С очками Настя стала словно счастливей и независимей, а я, наоборот, потерялся. Мне казалось, что только из-за нехватки очков я ей и нужен был. 

Зато в классе случился целый аншлаг шуток про нас, Настю, про меня, про очки. Что Настины очки – это все моих рук дело, что это я ее околдовал, что… 

Благо два очкарика в классе – не один. Уникальность стирается, и интерес быстро проходит. Все забывается.

***

Каким же я был тогда глупым первоклассником! Мы с Настей потом много раз вспоминали и смеялись друг над другом. 

Да и у многих через года три-четыре после нас зрение начало падать. Переиграли в компики, и на тебе – четвертая часть мальчиков в параллели теперь очкарики. А еще через пару лет мы вообще оказались в тренде. Многие начали себе заказывать оправы и ходить со стеклами-нулевками. Как часть стиля. 

В моей семье несовершенное зрение да и вообще очки были в новинку, потому что все жили с полной уверенностью в том, что никакой наследственной склонности у меня нет. Когда же моя мама поняла, что за зверь – плохое зрение, она расписала мои походы к офтальмологу на год вперед, каким-то чудом смогла прочитать рецепт врача и напокупала капель и таблеток, отдала на бадминтон, наконец, – чтобы зоркость глаз сохранять. 

Зрение в лучшую сторону, конечно, не изменялось. В отличие от меня. Хотя… Поднял себе самооценку, понял – иногда даже хорошо ничего не видеть. Вот сидишь, тебе от мира тошно-тошно, а снял очки и все – нет никакого мира. Все плывет в неясной перспективе.

***

Настя же попросила родителей отдать ее в художку. Она как человек с плохим зрением больше всего в жизни любила наблюдать. “Когда знаешь, что потеряешь что-то, невольно это фиксируешь, фотографируешь у себя в голове”, – любила говорить она мне. 

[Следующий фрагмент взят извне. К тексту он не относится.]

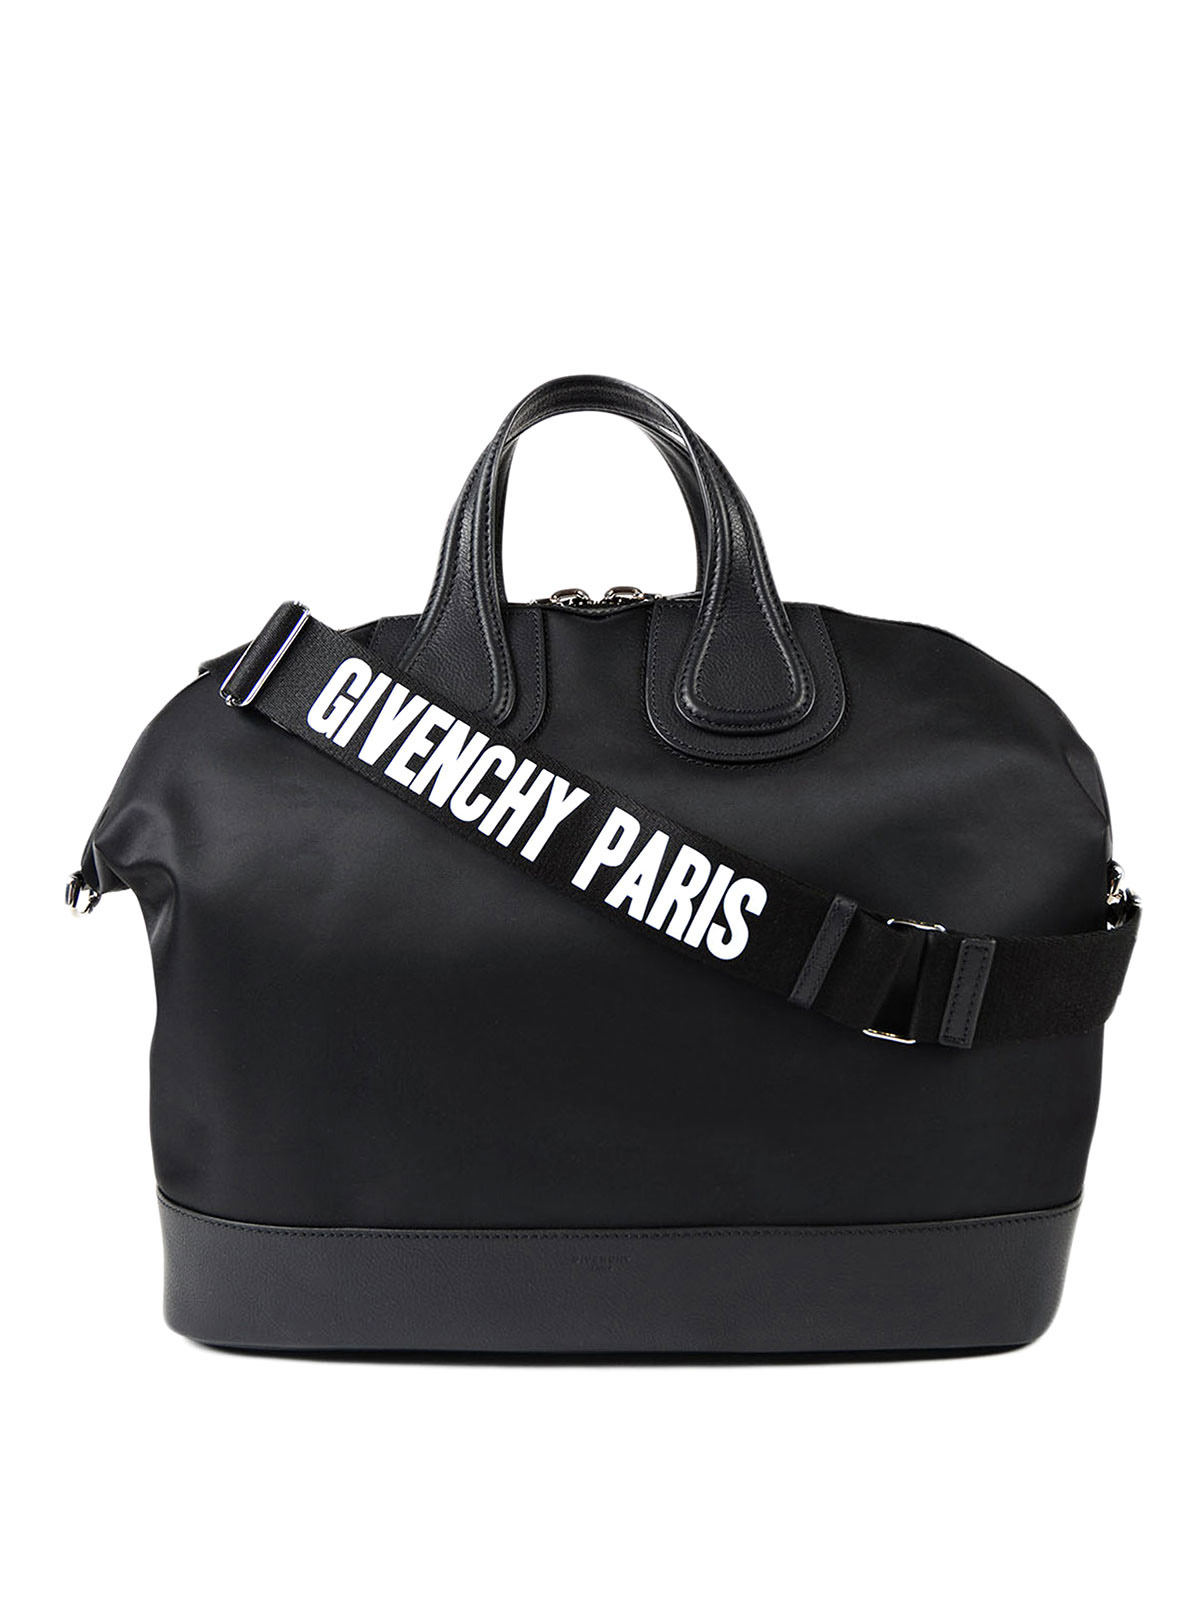 Luggage & Travel bags Givenchy - Nightingale duffle bag

Действительно, когда имеешь – не дорожишь, когда теряешь – начинаешь остро чувствовать нехватку. Со зрением эта истина очень хорошо работает. 

***

Совершенно тогда не заметив и отвлекшись на вещи куда более важные, мы стали первыми мальчиком и девочкой класса. Казались сильнее и мудрее других. 

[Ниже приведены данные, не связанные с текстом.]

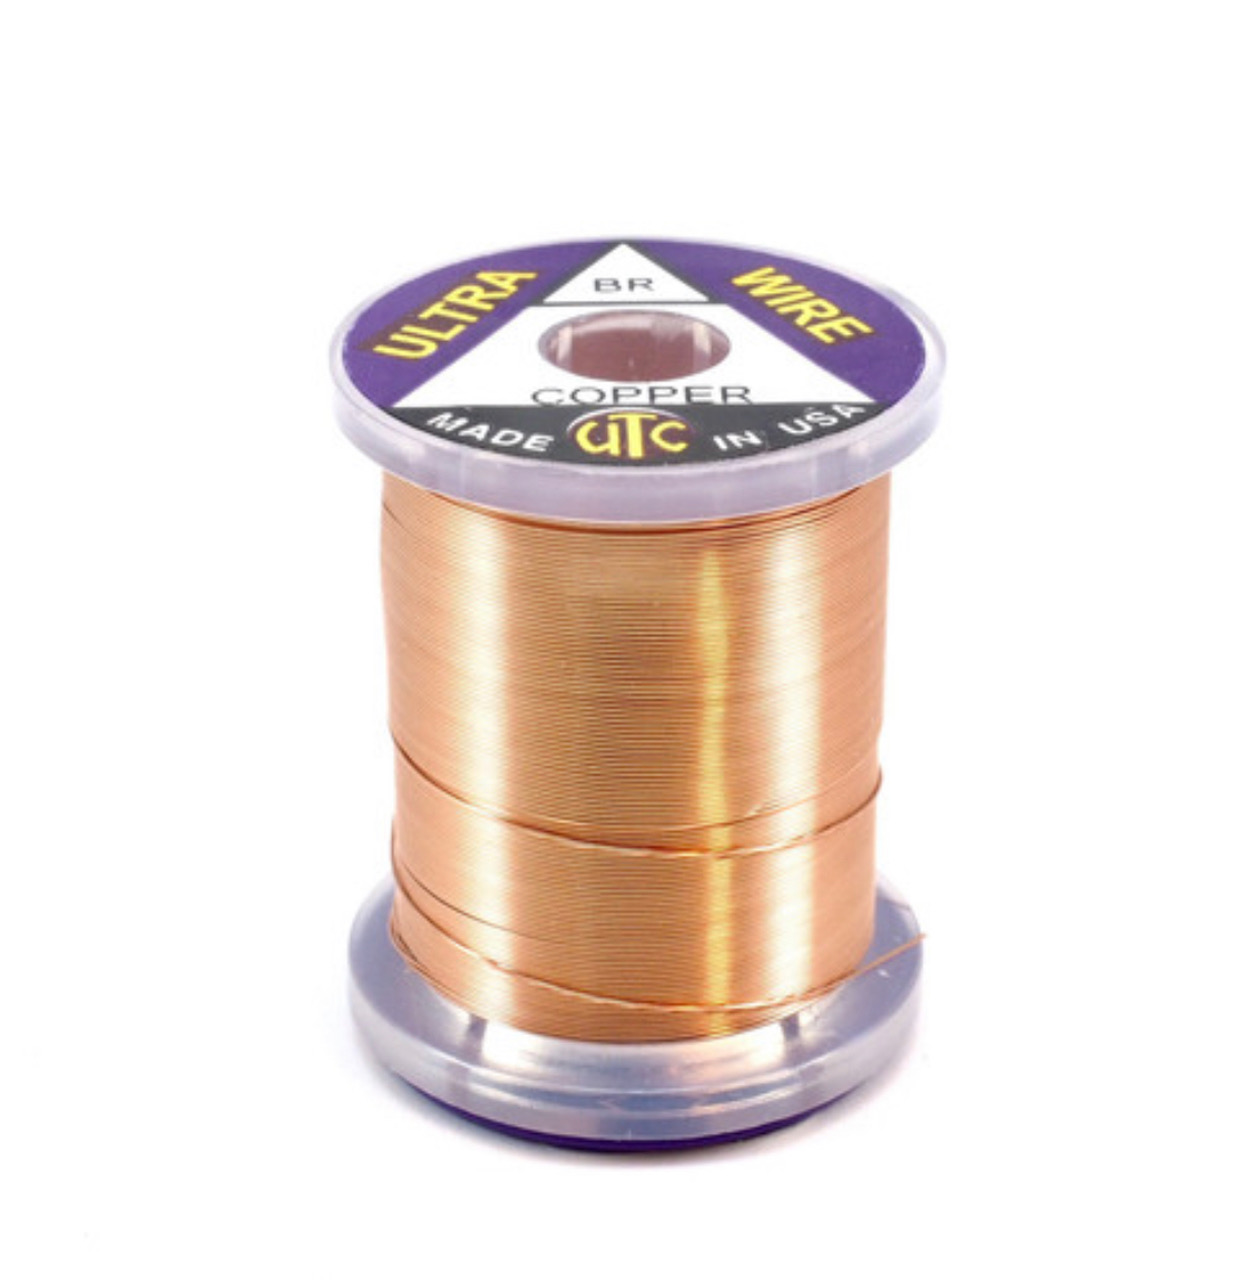 UTC Ultra Wire - Medium - Copper

И вот, заканчиваем школу. Отношения наши встали. Зрение, правда, тоже. Ведь все в жизни – вопрос времени с плохим или хорошим на то ответом. И если зрение ясно в какую сторону будет держать путь, то мы с Настей – не особо. Мы топтались на одном месте, как первоклассники на линейке, которым сказали, мол, стойте за этой белой чертой, а мы на нее все равно наступали. 

Правда же в том, что все мы немного очкарики. И близоруких по жизни больше, чем дальнозорких. Каждый близорук в чем-то своем: в любви, отношениях, науке, бюджете… 

И вот, я, как первоклассник перед чертой на линейке в своих новых ботиночках и с букетом для Марь Иванны, топчусь каждый день перед зеркалом и думаю, может ли быть, что первая любовь – последняя, в смысле единственная. Пытаюсь найти ответ в своих бегающих глазах и не могу увидеть решения, ведь жизнь не задачка по математике. И я не знаю, как бы не сделать так, чтобы все испортить. Я близорук.